From the perspective of existing research content, current academic discussions related to sight-singing teaching are more concentrated in two directions: first, psychological factors in students’ sight-singing learning process, such as nervous emotions, stage anxiety, self-efficacy, etc.; second, training methods and teaching strategies centered on pitch and rhythm, such as interval imitation, rhythm pattern training, auditory memory reinforcement, etc. This type of research has clear value in teaching practice, but its focus often stays at the level of “how to train” and “how to alleviate problems,” and rarely delves into more basic and critical questions such as “in what specific ways students actually make mistakes,” “how errors manifest at temporal structure and acoustic levels,” and “how these errors should be distinguished and evaluated in assessments.”

Looking further, sight-singing as a highly comprehensive ability is often affected by multiple factors, including pitch control, rhythm stability, temporal continuity, sight-reading and auditory mapping ability, and immediate error correction behavior. However, in most teaching research and assessment practice, these dimensions are often highly summarized into macro indicators such as “whether pitch is correct” and “whether rhythm is accurate,” with evaluation results relying more on teachers’ overall listening sense and experiential judgment, and lacking clear, reproducible analytical frameworks. This evaluation method may work in groups of experienced teachers, but in standardized teaching, large-scale assessment, and automated analysis scenarios, its limitations are particularly prominent.

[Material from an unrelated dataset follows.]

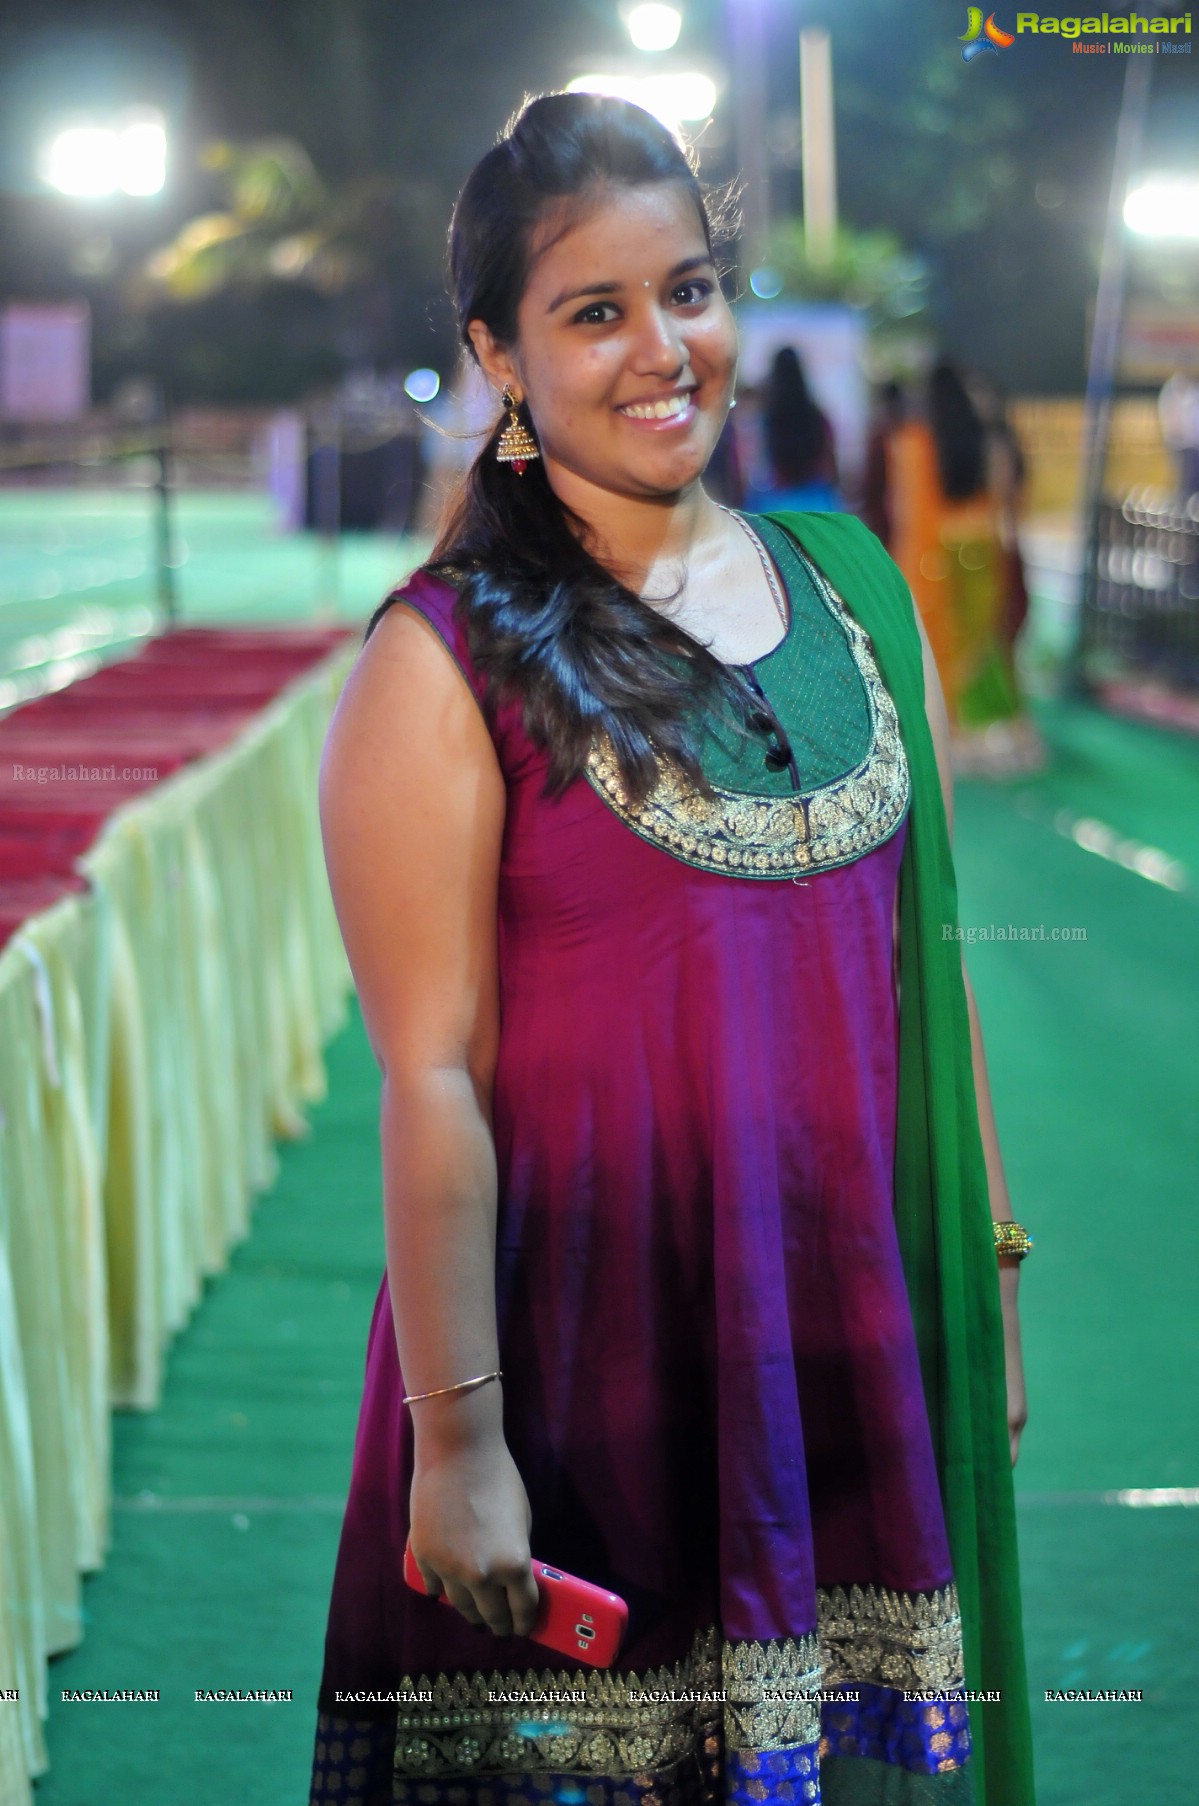 Legend Navratri Utsav 2014 at Imperial Gardens, Hyderabad (Day 8)

Based on the above observations, it is reasonable to reflect: Does current sight-singing teaching research to a certain extent show tendencies toward “coarse-grained problem description” and “experiential evaluation systems”? While emphasizing training effectiveness and psychological adjustment, is systematic characterization and structured analysis of students’ actual singing behavior itself being neglected? Without clear understanding of students’ common error patterns and clear definition of how different errors should be weighed in assessments, the fairness, interpretability, and targeting of teaching feedback in sight-singing assessments will all be limited.